**EXERCISE DIRECTIONS**: In the records that follow, find the line containing "software - tchaikovskaya" and the line containing "Duxtop Portable Induction", then transcribe both and every line between them exactly, omitting pictures.

**DATASET EXCERPTS**:
======

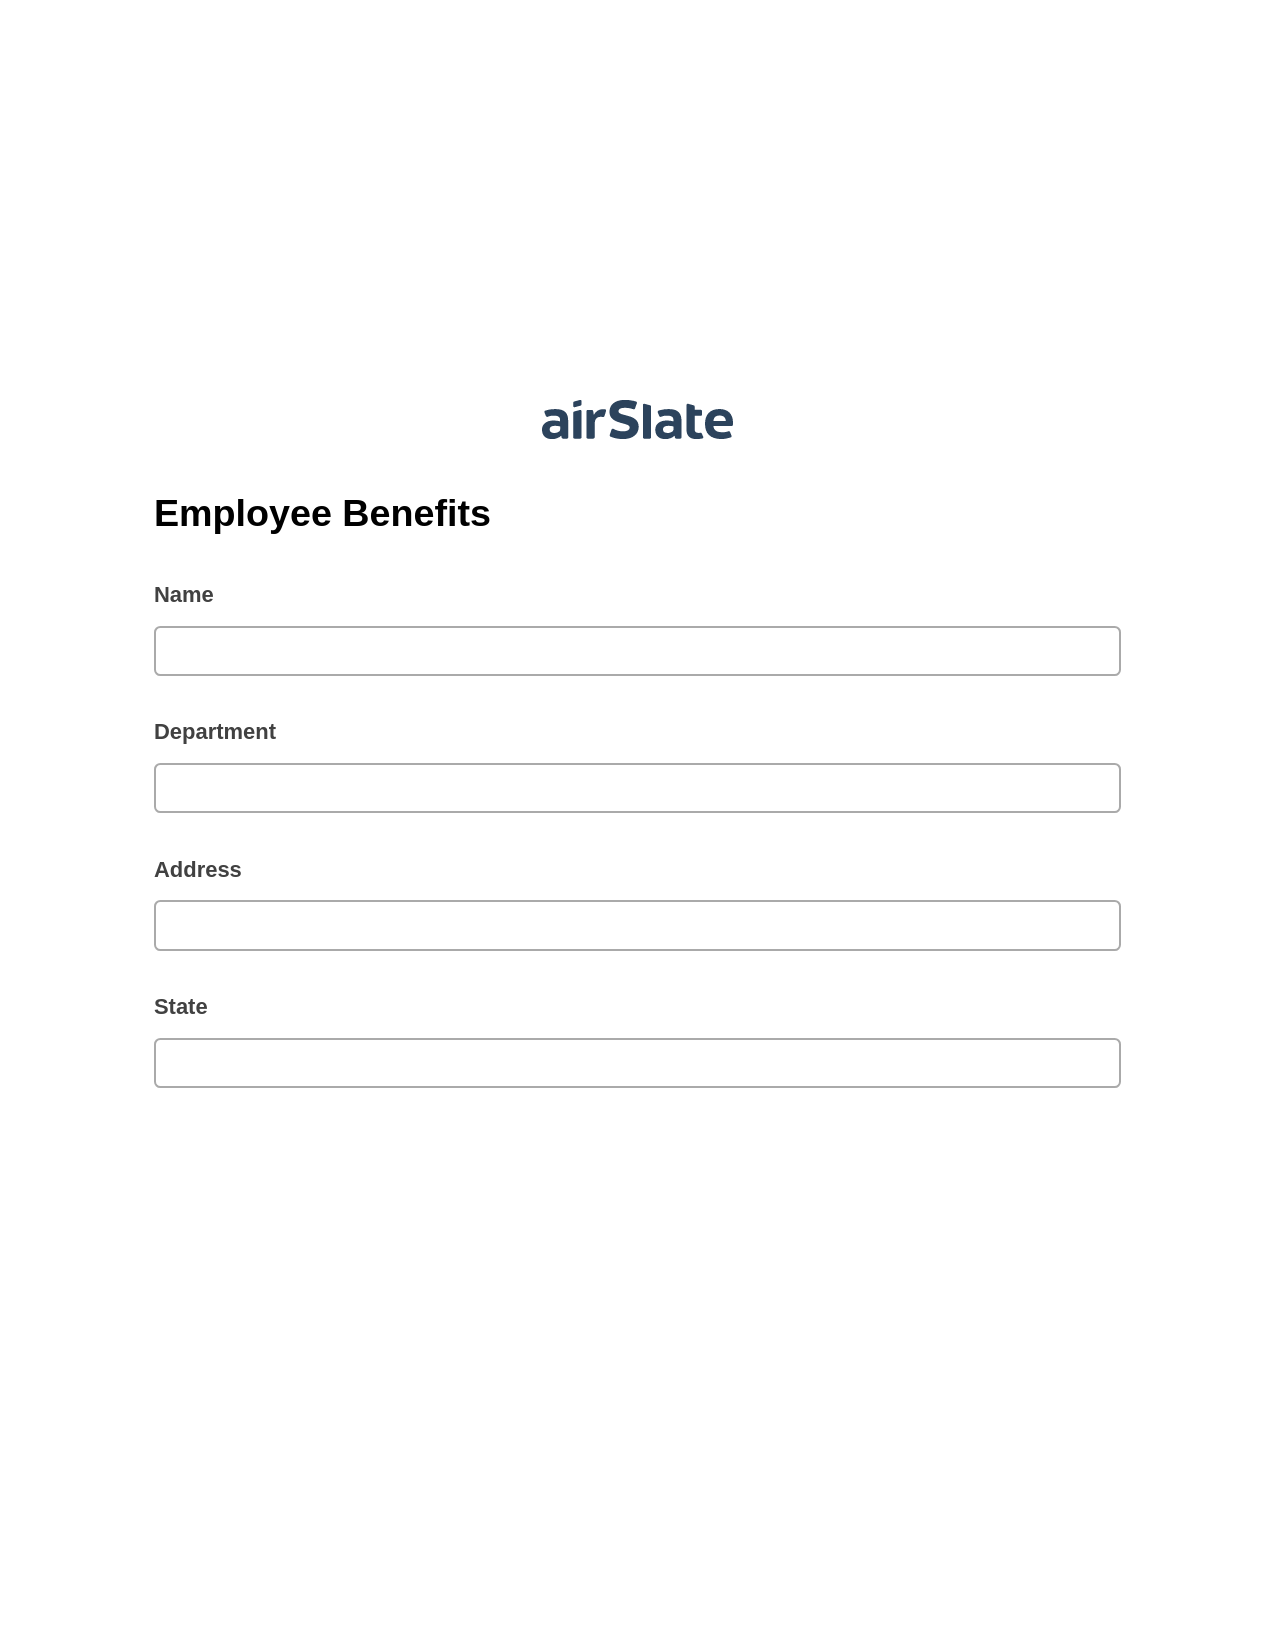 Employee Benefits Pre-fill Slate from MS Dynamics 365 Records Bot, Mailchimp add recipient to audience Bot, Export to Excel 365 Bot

======

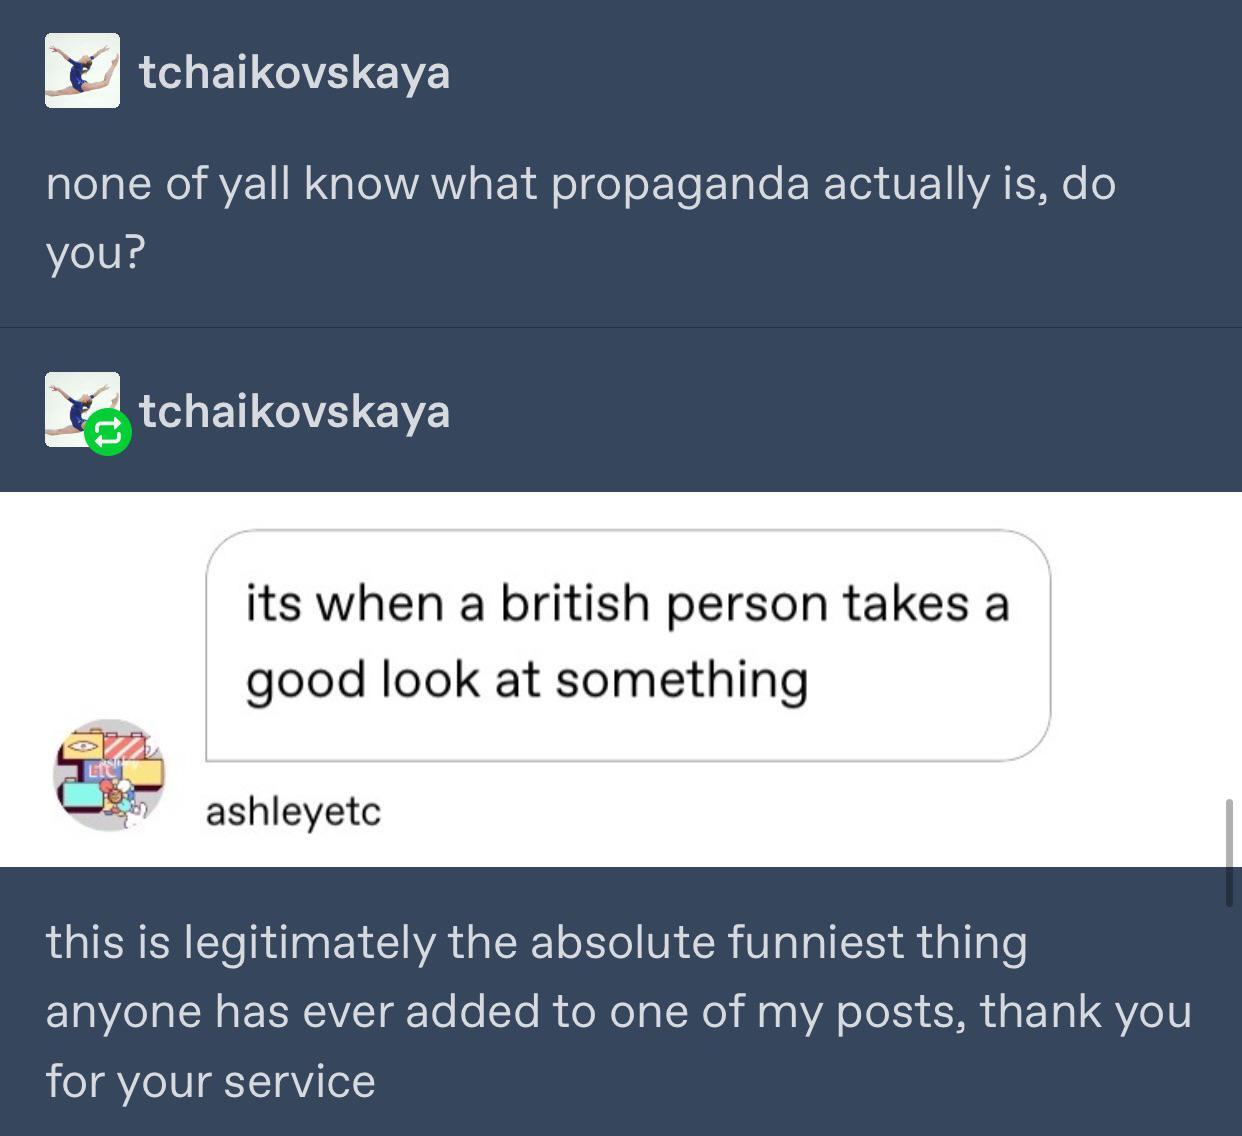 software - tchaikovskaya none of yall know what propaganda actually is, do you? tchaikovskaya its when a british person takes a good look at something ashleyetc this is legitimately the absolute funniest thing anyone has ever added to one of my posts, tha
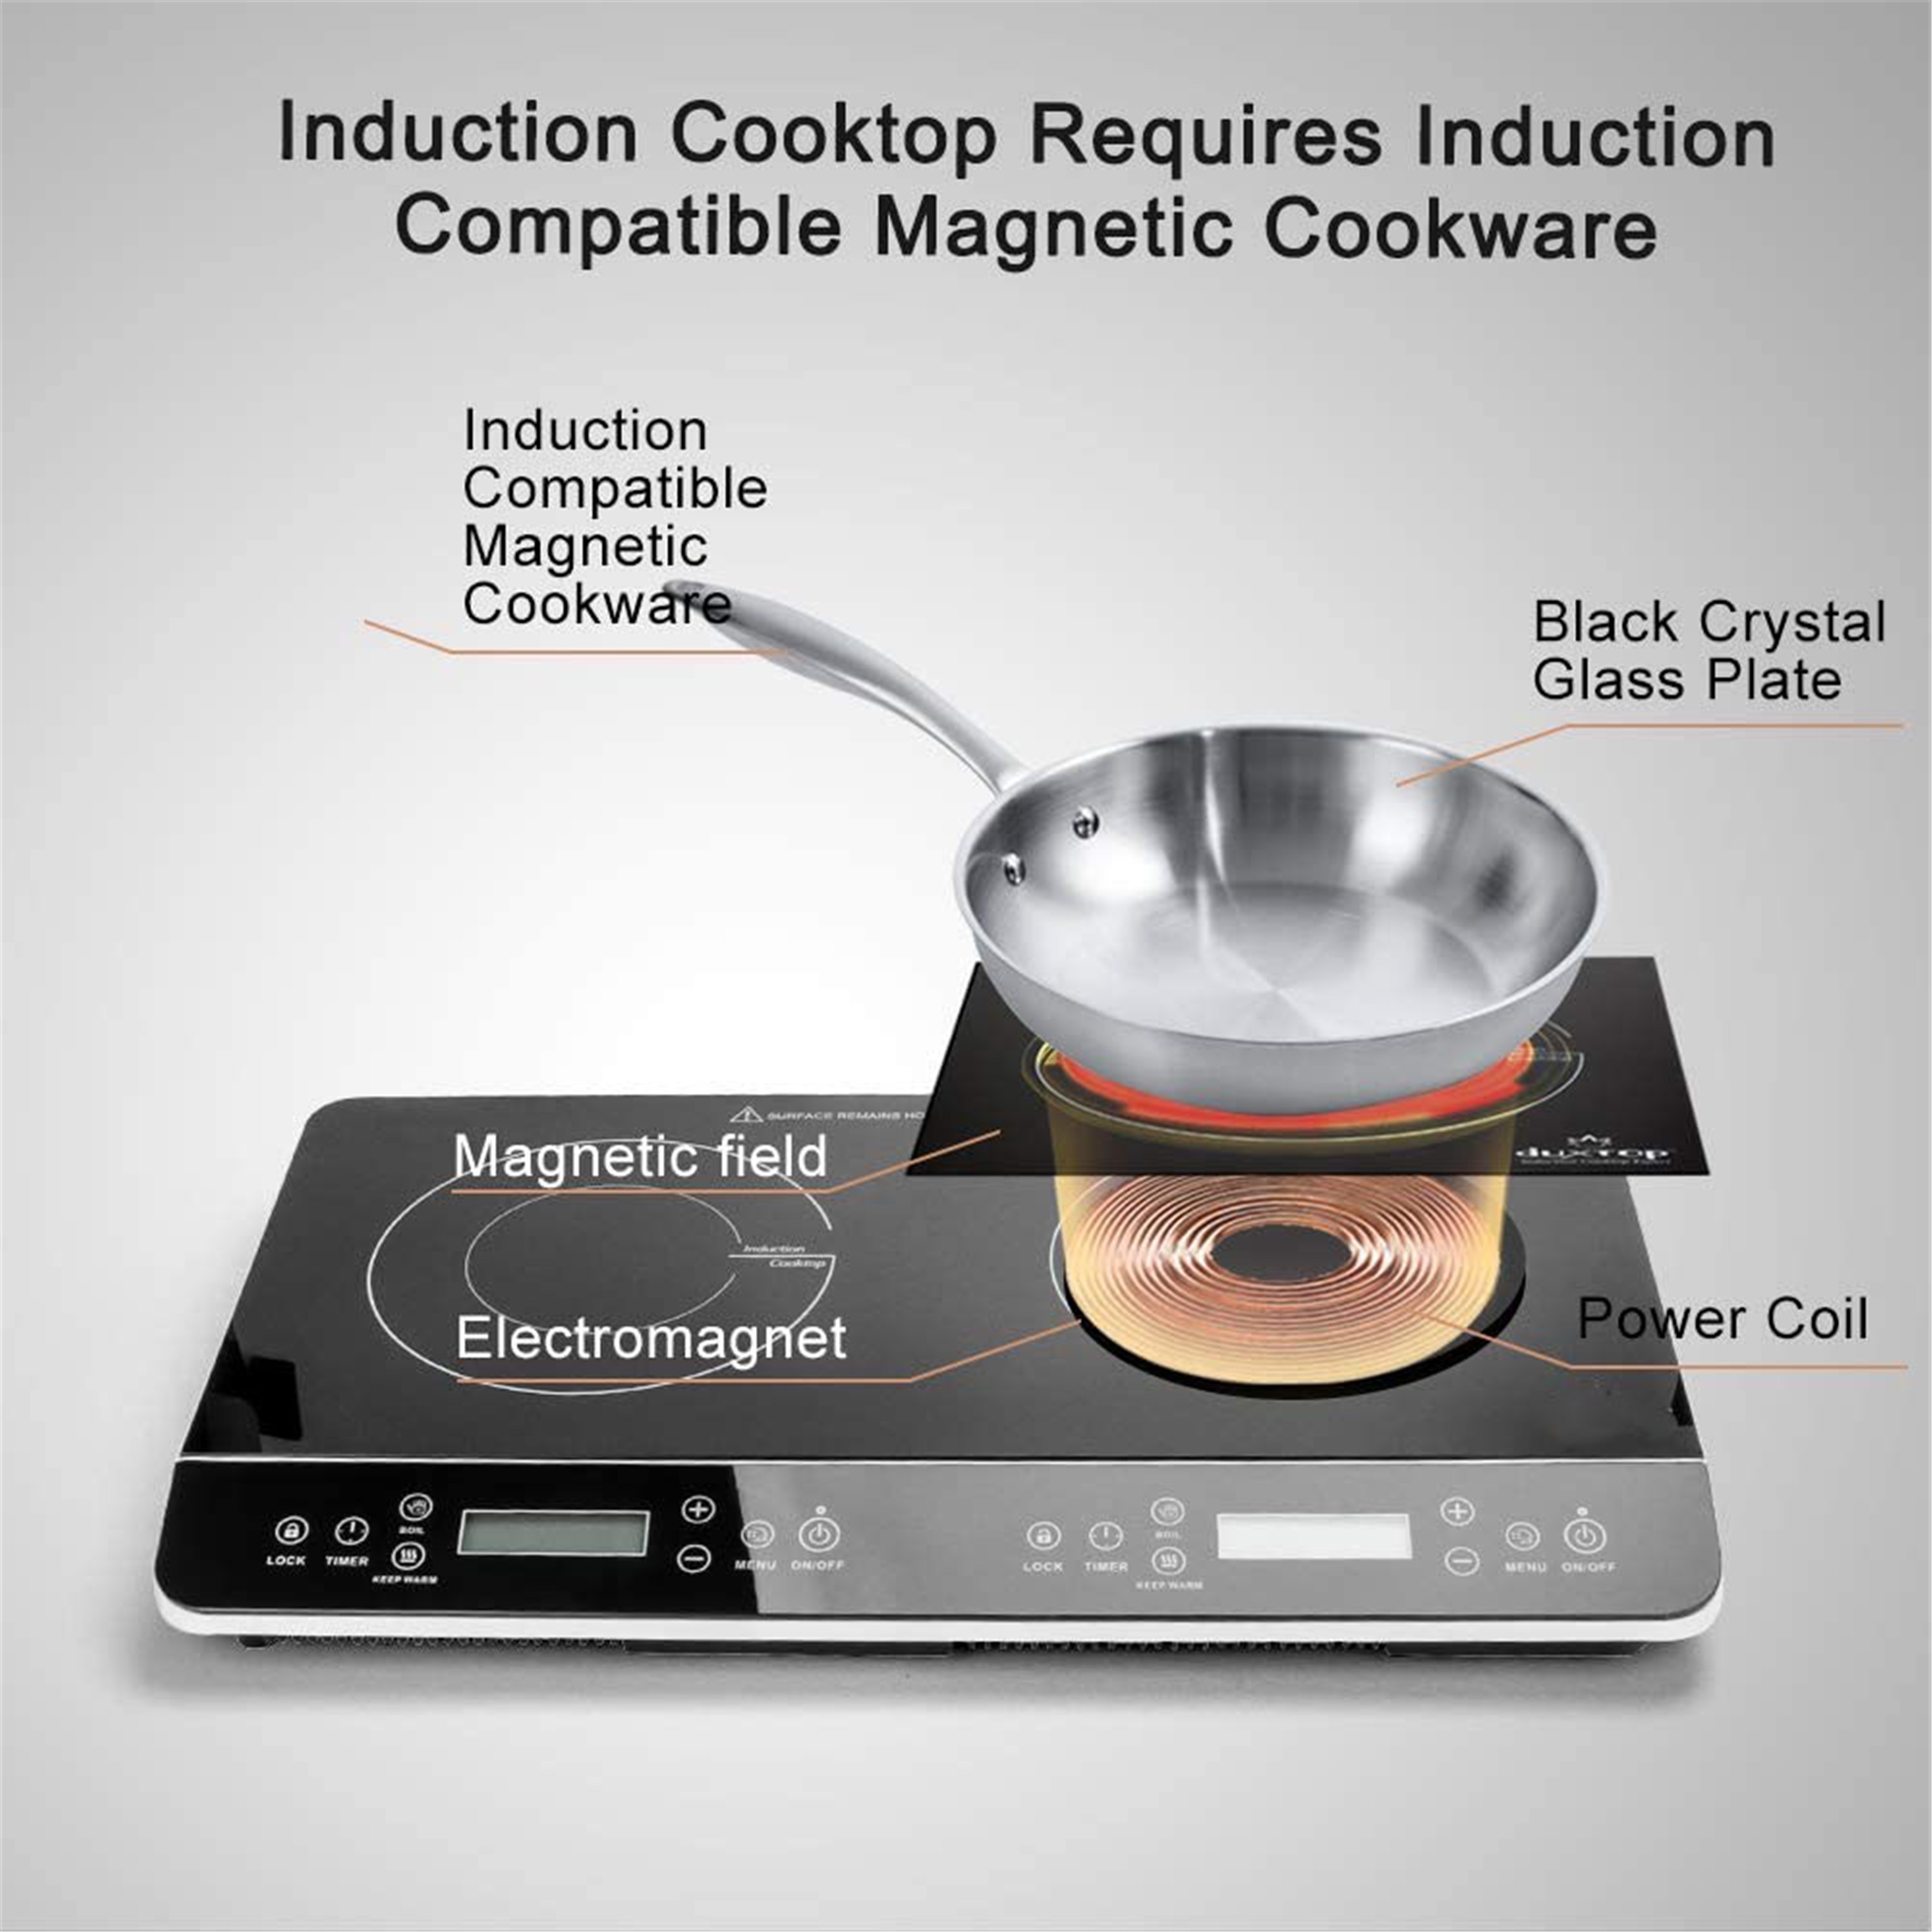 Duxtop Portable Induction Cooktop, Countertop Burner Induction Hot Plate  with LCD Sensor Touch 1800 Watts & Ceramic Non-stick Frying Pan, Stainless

======

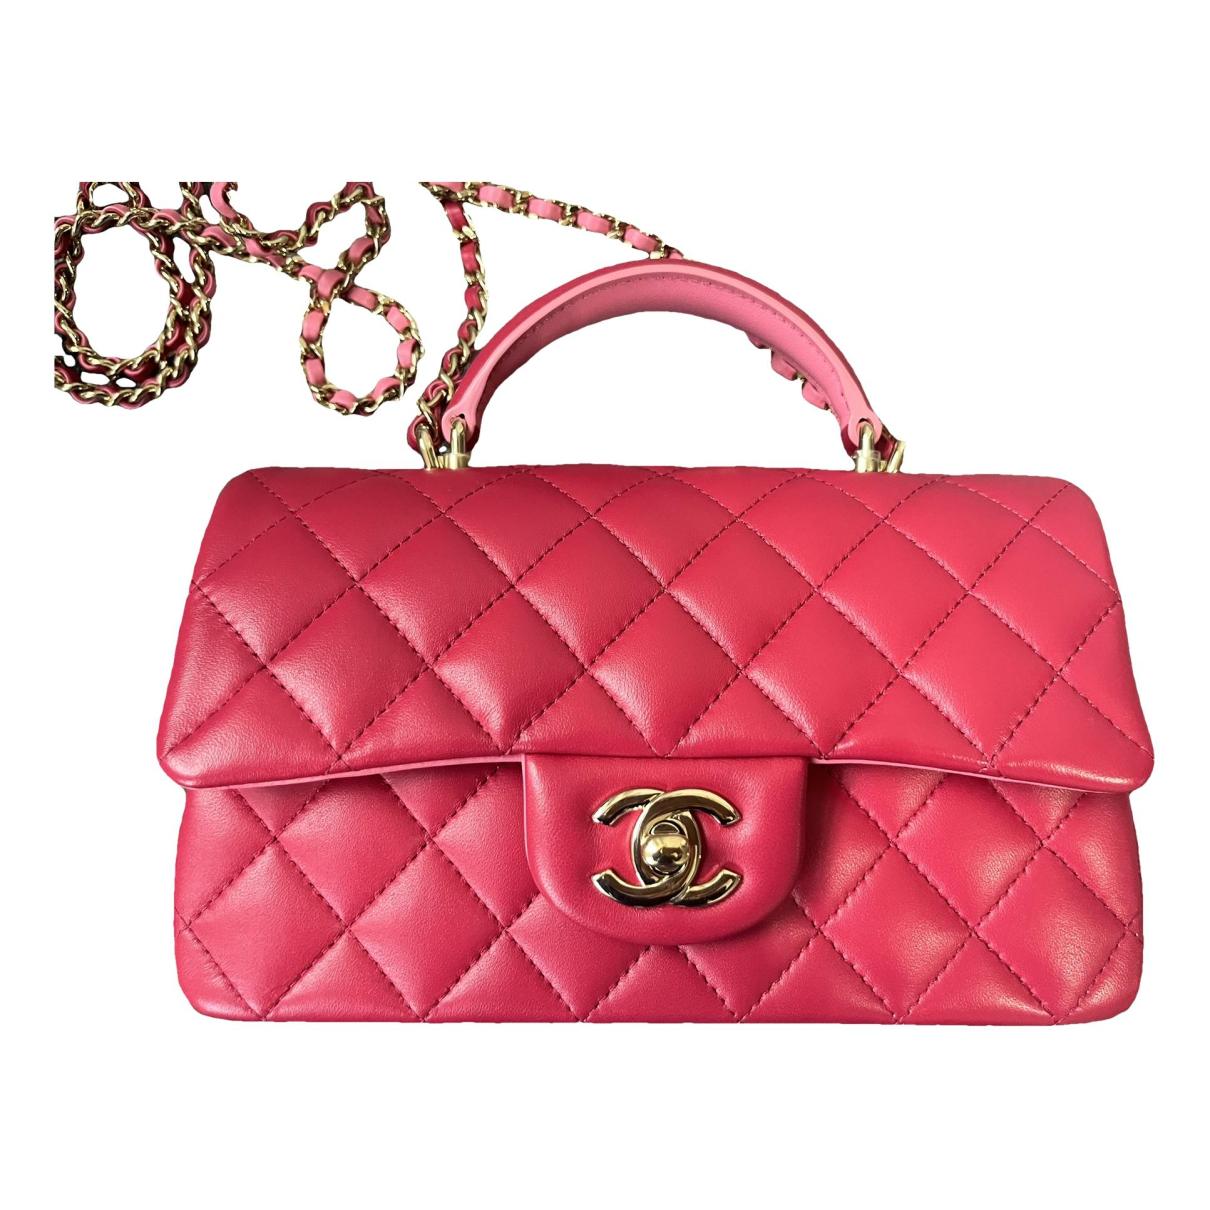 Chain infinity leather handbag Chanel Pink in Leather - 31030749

======

**ANSWER TO THIS EXERCISE**:
 software - tchaikovskaya none of yall know what propaganda actually is, do you? tchaikovskaya its when a british person takes a good look at something ashleyetc this is legitimately the absolute funniest thing anyone has ever added to one of my posts, tha
 Duxtop Portable Induction Cooktop, Countertop Burner Induction Hot Plate  with LCD Sensor Touch 1800 Watts & Ceramic Non-stick Frying Pan, Stainless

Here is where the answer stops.